Background on the Bonilla Lawsuit

Ancestry DNA, most commonly known for its at-home DNA testing kits, also maintains a robust database of various historical information and images.  One subset of this online database is the company’s “Yearbook Database.”  This portion of the website collects yearbook records from throughout the country and uploads the yearbook contents – including students’ photos – to Ancestry.com.  On June 27, 2019, Ancestry DNA uploaded the 1995 yearbook from Central High School in Omaha, Nebraska to its Yearbook Database.

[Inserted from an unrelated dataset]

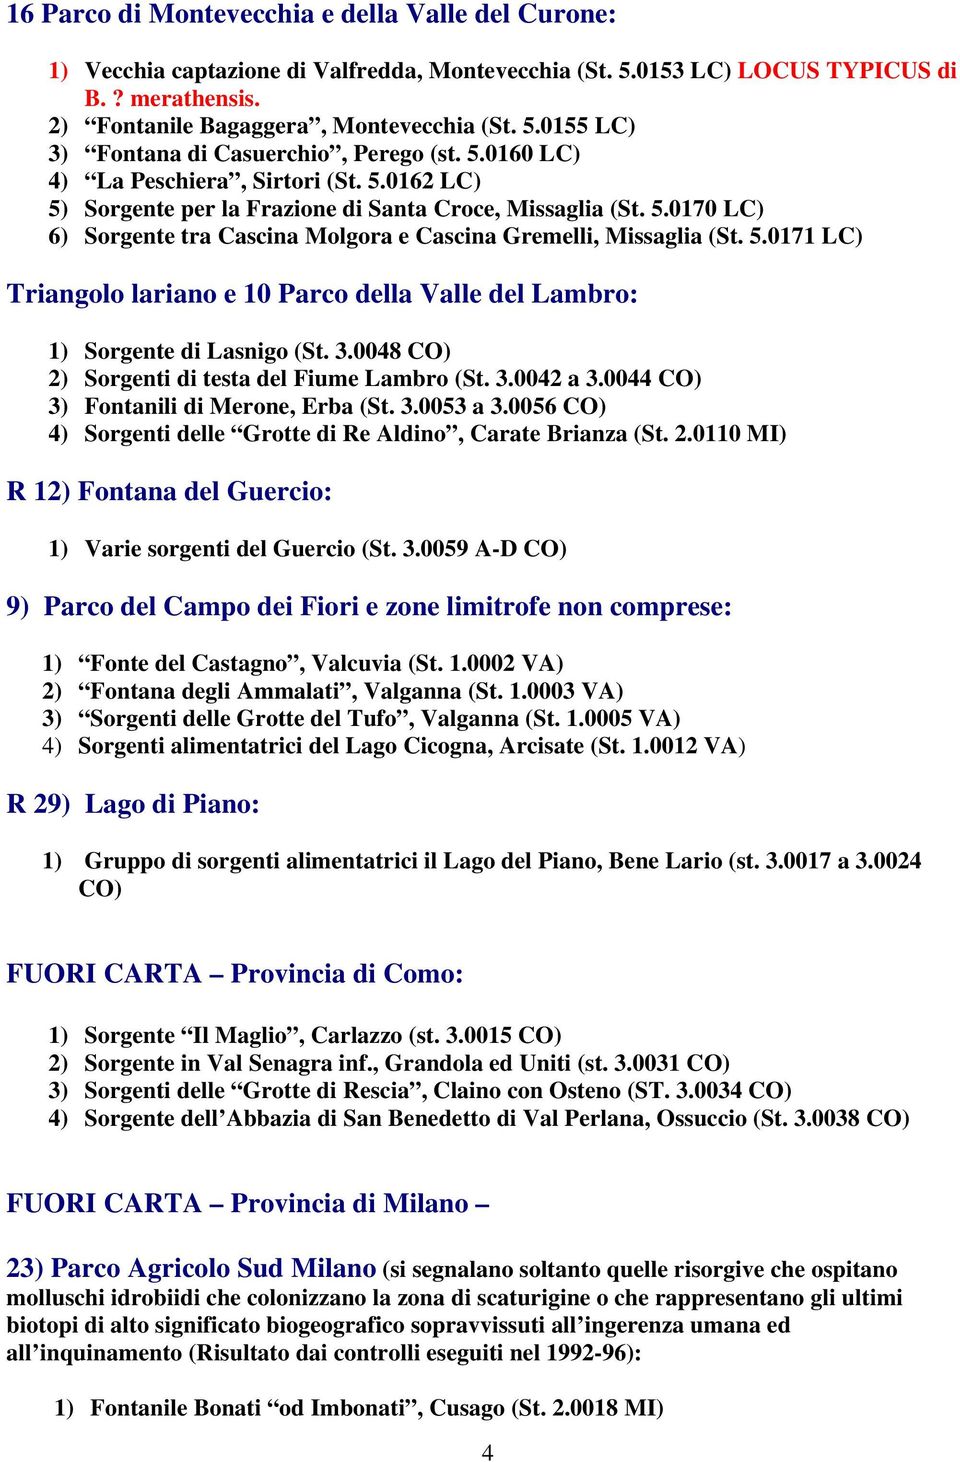 3.0048 CO) 2) Sorgenti di testa del Fiume Lambro (St. 3.0042 a 3.0044 CO) 3) Fontanili di Merone, Erba (St. 3.0053 a 3.0056 CO) 4) Sorgenti delle Grotte di Re Aldino, Carate Brianza (St. 2.0110 MI) R 12) Fontana del Guercio: 1) Varie sorgenti del Guercio (St.

More than a year later, on December 14, 2020, Plaintiff Sergio Bonilla filed a lawsuit against Ancestry DNA over its publication of the Central High School yearbook.  Specifically, Plaintiff Bonilla – a current Illinois resident and former student of Central High School whose picture appeared in Ancestry’s database – alleged that Ancestry DNA improperly publicized his private information without obtaining his consent.  Plaintiff’s lawsuit asserted violations of the IRPA, as well as a cause of action for unjust enrichment.  Ancestry DNA filed a motion for summary judgment on the basis that Plaintiff’s action was not brought within the requisite one-year limitations period.  The Court agreed, thereby dismissing Plaintiff’s claims.

Court Denies Plaintiff’s Motion for Reconsideration

After the Illinois Supreme Court’s decision in Tims v. Black Horse Carriers (which held that BIPA is subject to a five-year statute of limitations – read our full summary HERE), Plaintiff filed a motion for reconsideration, contending that the Court should actually apply a five-year limitations period to IRPA actions, like it applies to BIPA.  To that end, Plaintiff emphasized that the IRPA (similar to BIPA) does not itself contain a statute of limitations.  Plaintiff also noted that both the IRPA and BIPA derived from legislative concerns centered on Illinois residents’ right to privacy.  Therefore, according to Plaintiff, the IRPA’s legislative purpose would be best served by applying the catch-all five-year limitations period of 735 ILCS 5/13-205. 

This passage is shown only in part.